The length of the shorter altitude and the shorter leg of a parallelogram are 9 cm and sqrt82 cm, respectively. The length of the longer diagonal is 15 cm. What is the area of this parallelogram?
Let $h$ be the shorter altitude of the parallelogram and $d$ the shorter diagonal. Using the formula for the area of a parallelogram, we see that the area of the parallelogram is $h\cdot d$. Thus, we need to find $h$ in order to solve the problem.
Let $a$ and $b$ be the sides of the parallelogram with $a > b$. Then, the shorter leg of the parallelogram is $b= \sqrt{82}$ cm.
Since the diagonals of a parallelogram bisect each other, we know that the shorter diagonal is equal to half the sum of the sides of the parallelogram. So we have the equation $\frac{15}{2}=a+b$. We can solve this equation for $a$ in terms of $b$ by substituting $b = \sqrt{82}$.

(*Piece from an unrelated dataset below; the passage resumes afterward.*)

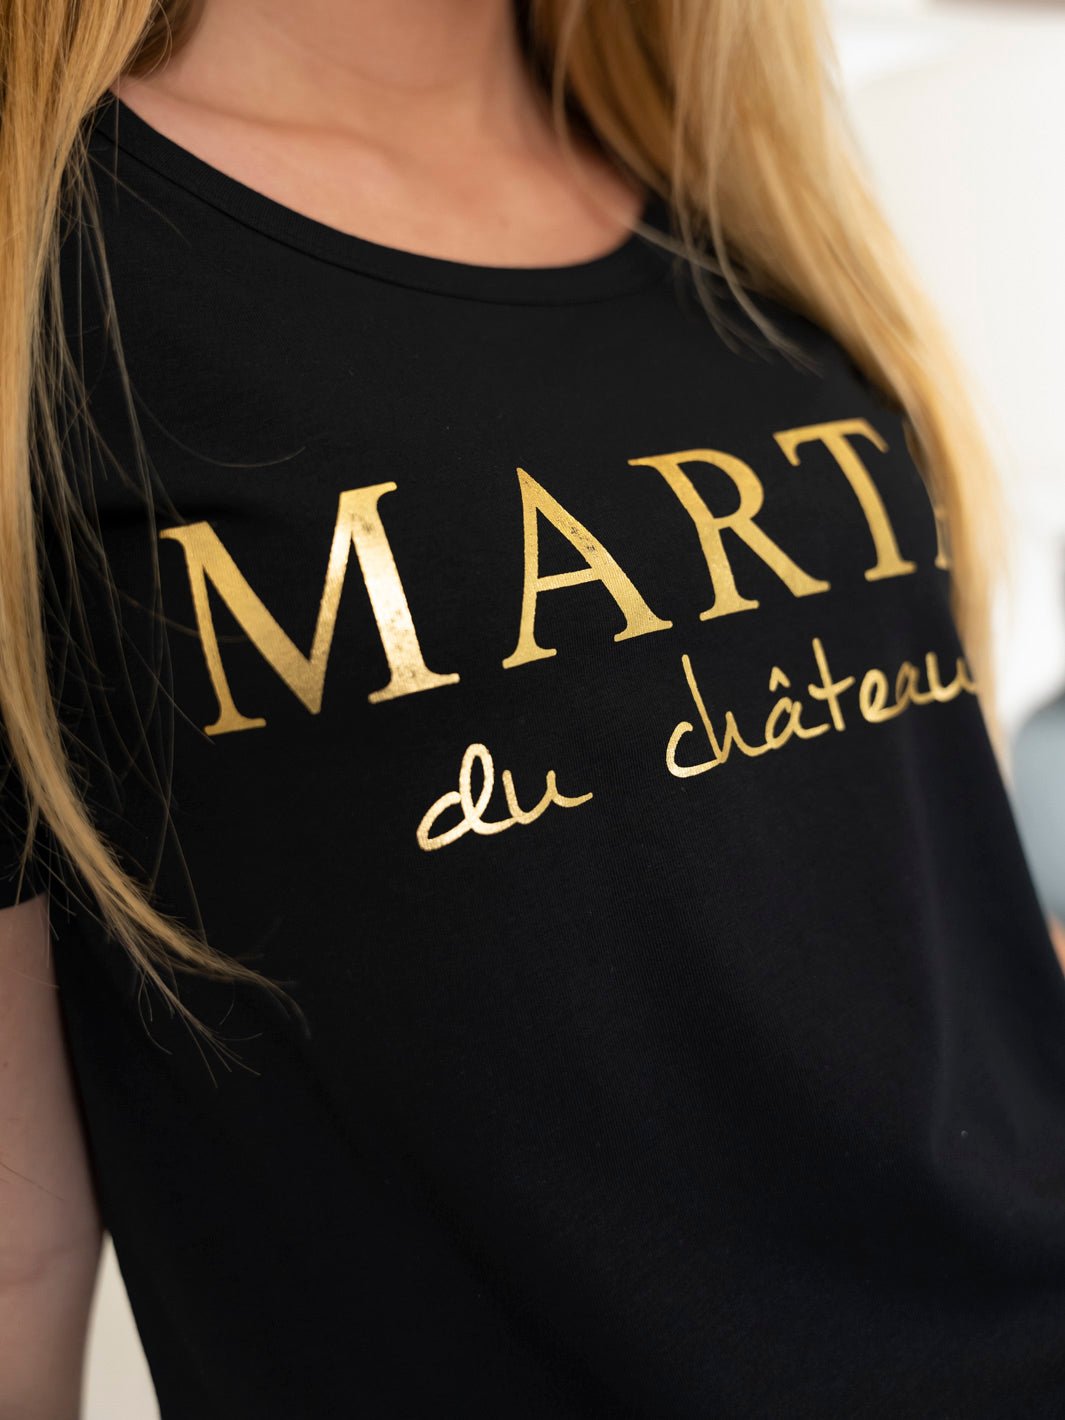 Marta du Chateau Jeanette tee black - Online-Mode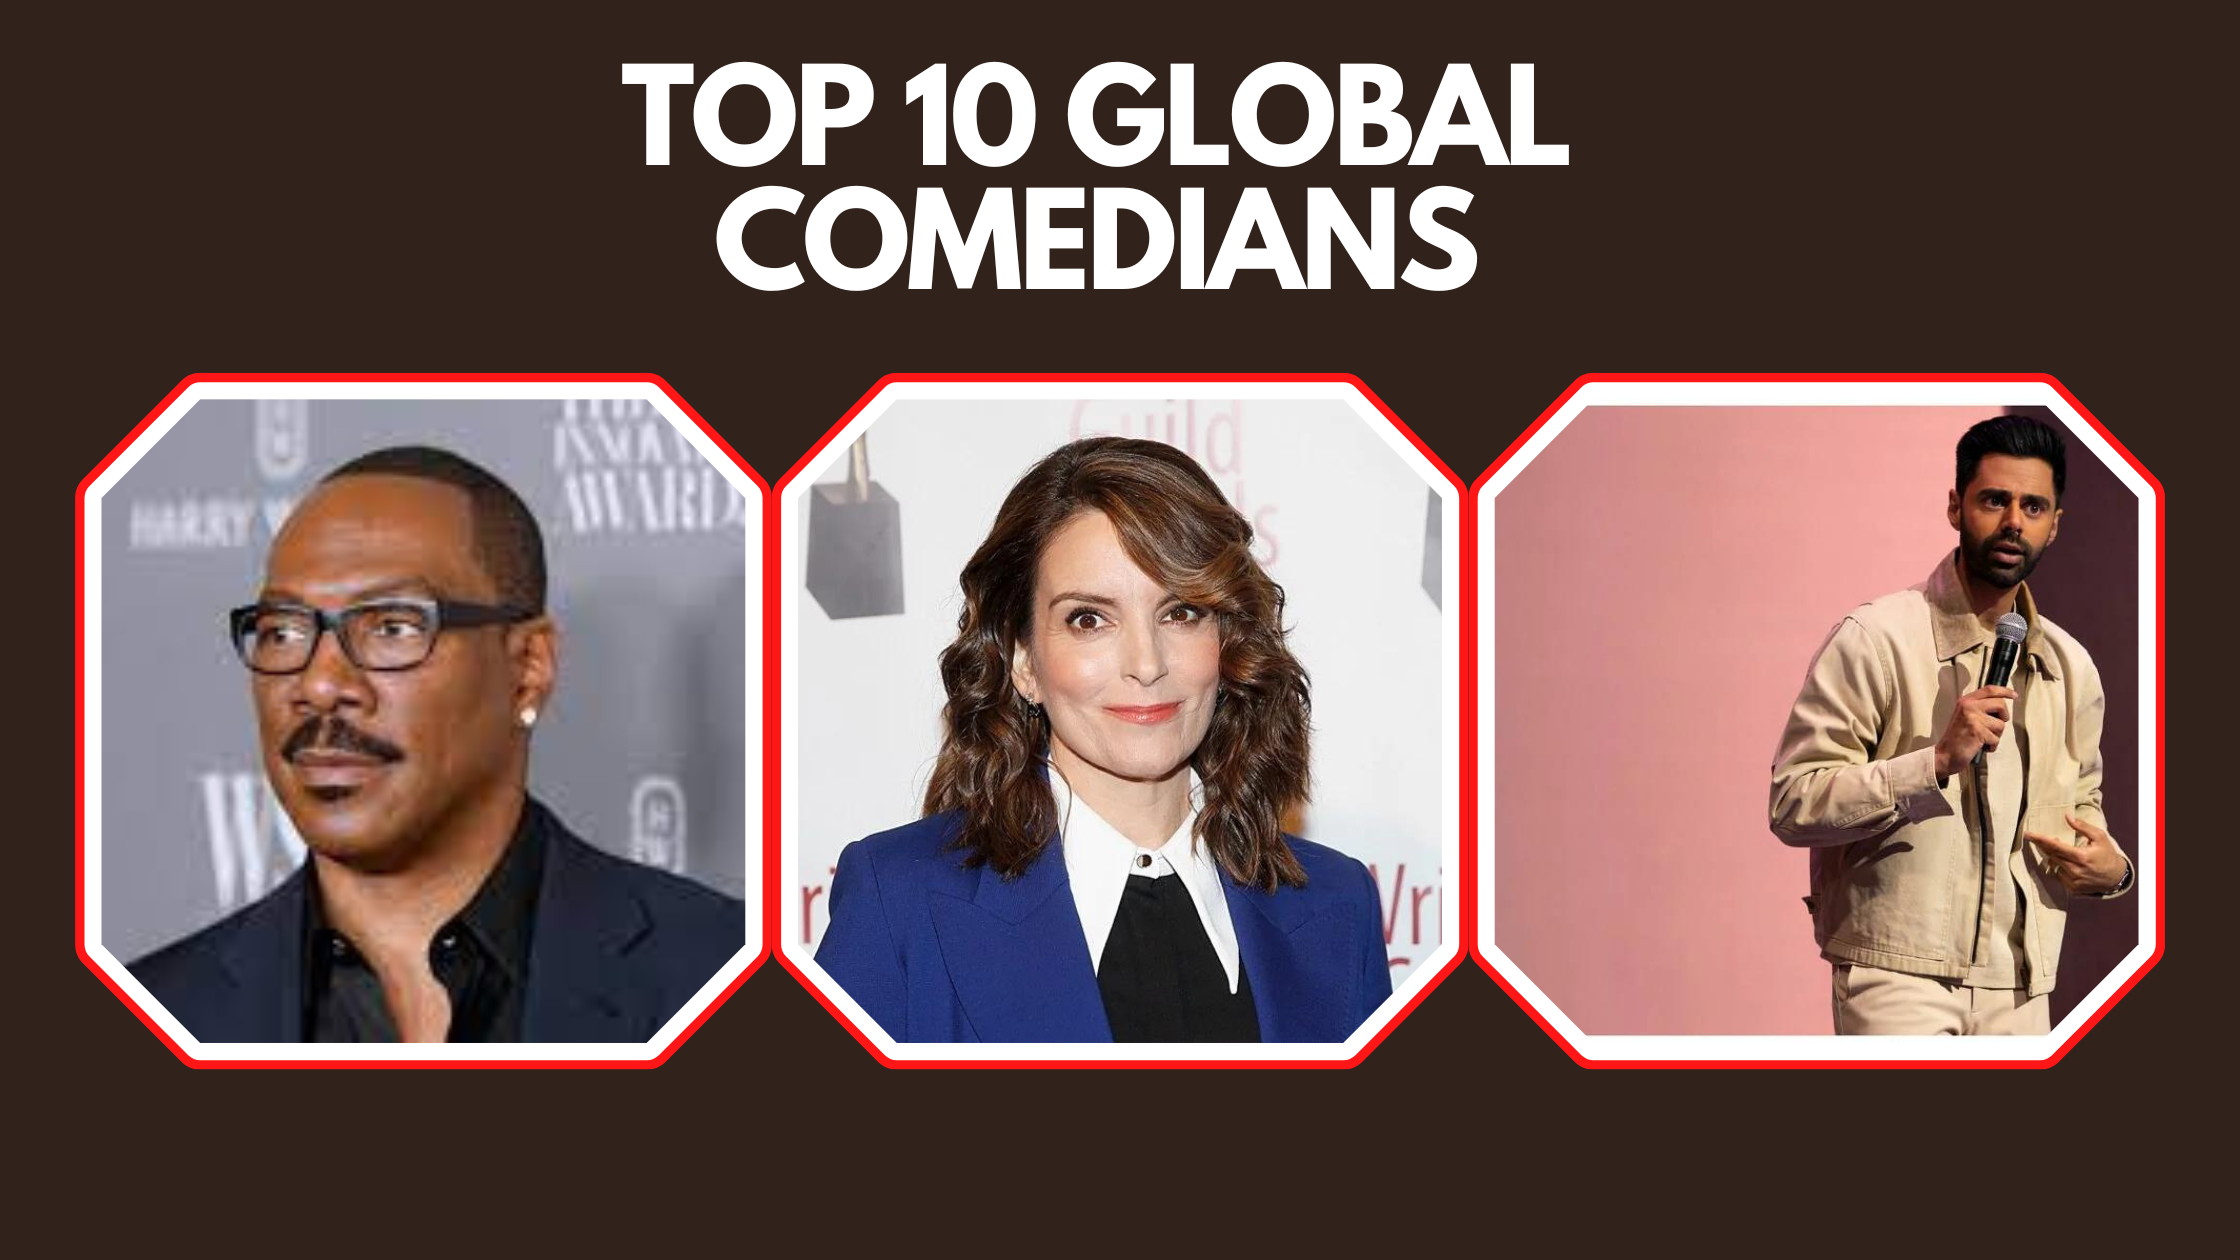 Top 10 Global Comedians - Top 10 Global Comedians

\begin{align*} \frac{15}{2}&=a + \sqrt{82} \\ \frac{15}{2}-\sqrt{82}&=a. \end{align*}
Since the altitudes of a parallelogram are perpendicular to the bases, we see that $h^{2} + (15/2-\sqrt{82})^{2} = 9^{2}$. Solving for $h$, we find that $h = 3\sqrt{2}$. Thus, the area of the parallelogram is $h\cdot d = 3\sqrt{2}\cdot\sqrt{82} = \boxed{6\sqrt{41}}$ square centimeters.